При счете «пять» швейцар поднялся, глядя на меня остекленевшими глазами. Я снова до мельчайших деталей видел перед собой его физиономию, эту здоровую, широкую, глупую, подлую харю, видел его всего, этакого здорового, крепкого вахлака, этого борова, у которого никогда не будут болеть легкие; и я вдруг почувствовал, как багровая пелена застилает мне мозг и глаза, и я рванулся вперед и ударил, еще и еще, я бил и бил, вколачивая все, что накопилось во мне за эти дни и недели, в это здоровое, широкое, мычащее рыло, пока меня не оттащили…
— Опомнись, ты убьешь его!.. — кричал мне Густав.
Я пришел в себя, огляделся. Швейцар, истекая кровью, барахтался у стены. Вот он будто надломился, упал на четвереньки и, напоминая в своей сверкающей ливрее гигантское насекомое, пополз в сторону входа.
— Ну, теперь у него надолго пропадет охота драться, — сказал Густав. — Однако пора давать деру, пока никого нет. Это уже называется нанесением тяжелых телесных повреждений.

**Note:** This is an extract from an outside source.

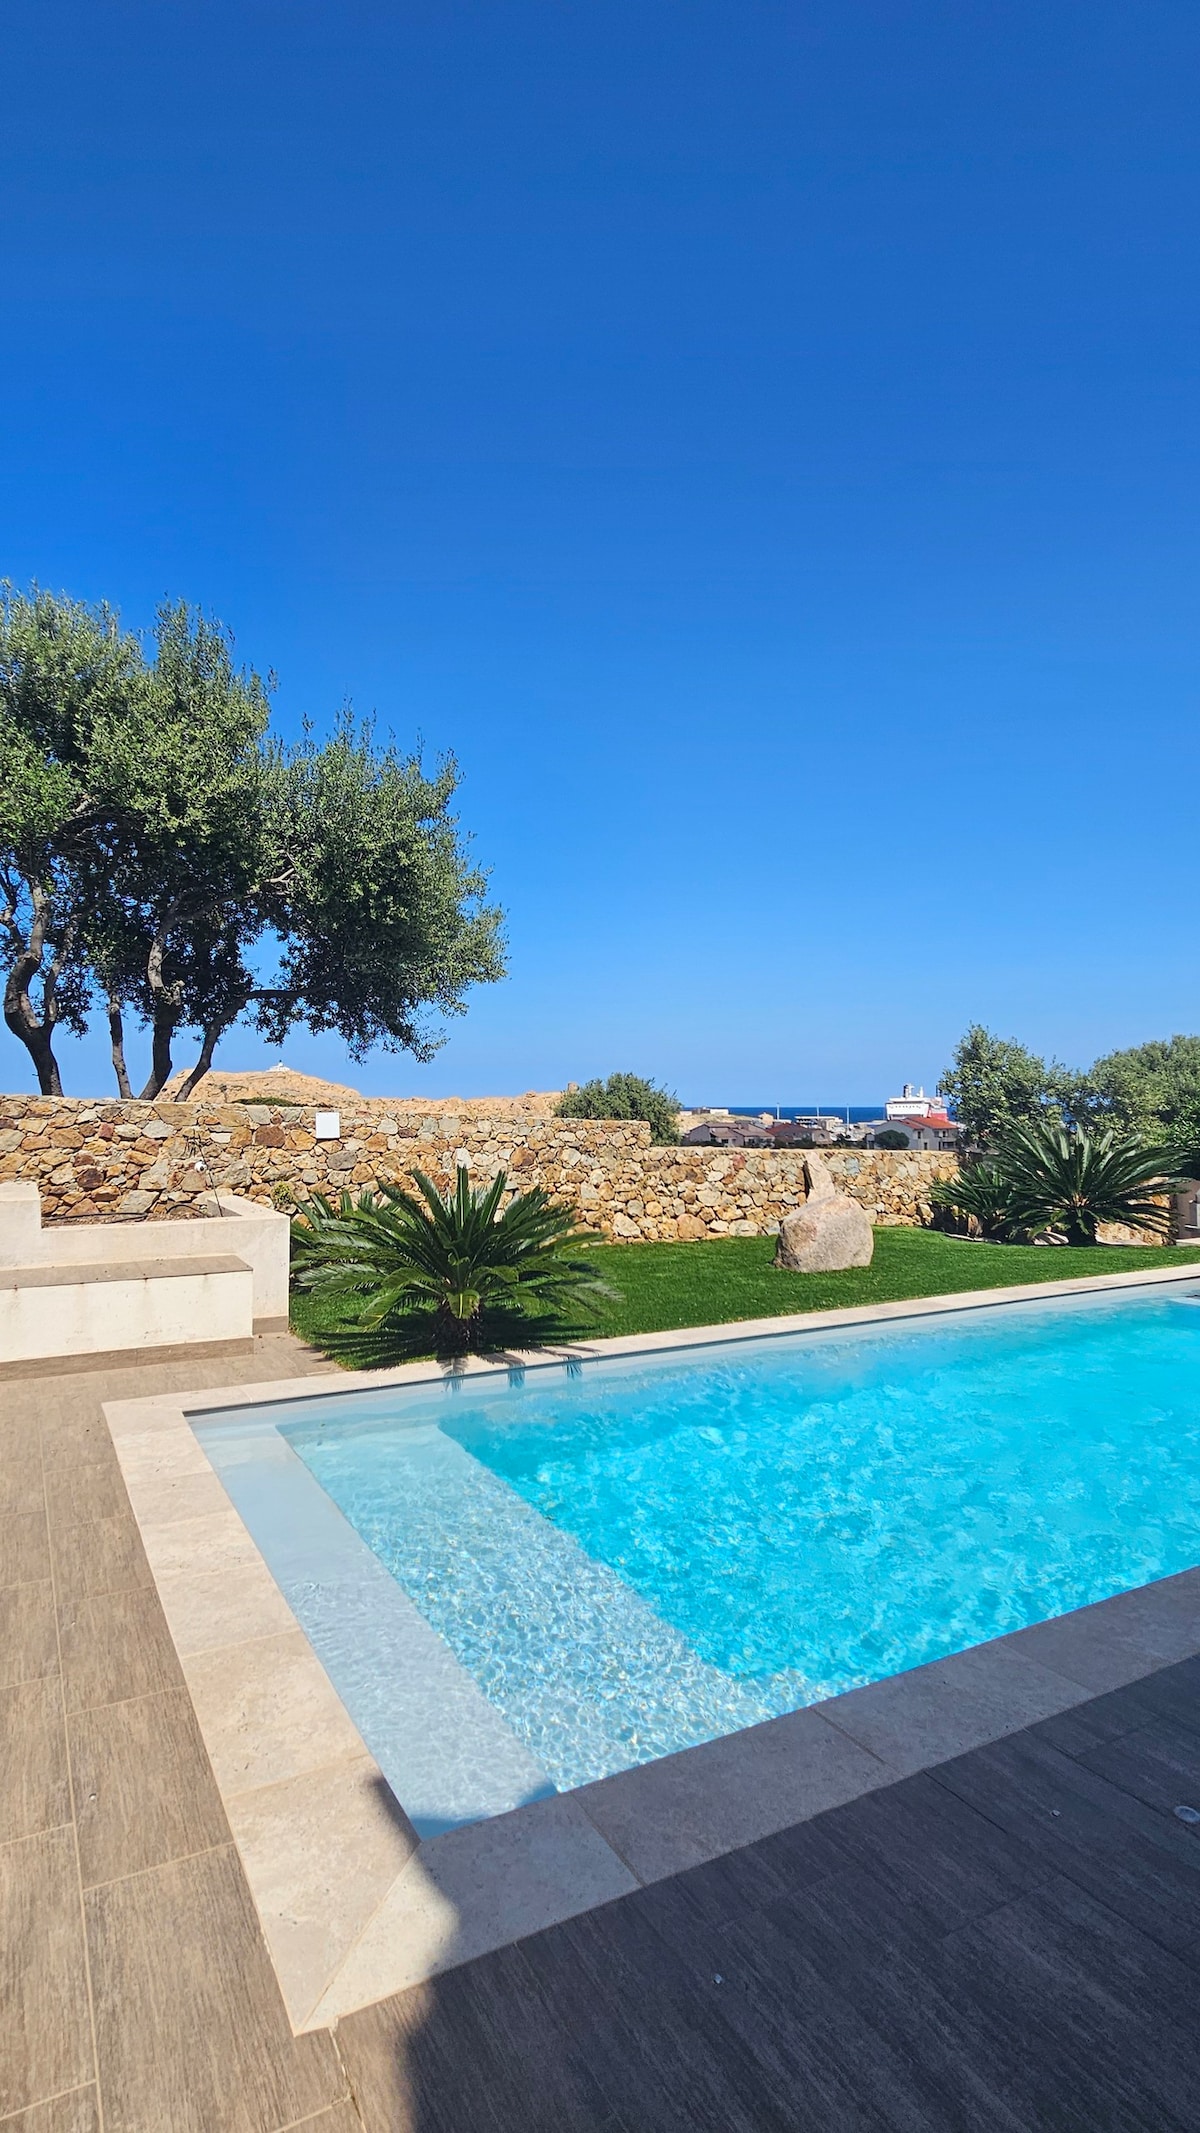 Villa avec piscine - Splendide vue mer - 8 pers.

Мы бросили деньги на мостовую, сели в машину и уехали.
— А что, у меня тоже идет кровь? — спросил я. — Или это его?
— Опять нос, — сказал Густав. — У него прошел один красивый удар слева.
— А я даже не заметил.
Густав рассмеялся.
— А знаешь, — сказал я, — на душе как-то полегчало.
XVIII
Наше такси стояло перед баром. Я зашел туда, чтобы сменить Ленца, взять у него ключ и документы. Готфрид вышел со мной на улицу.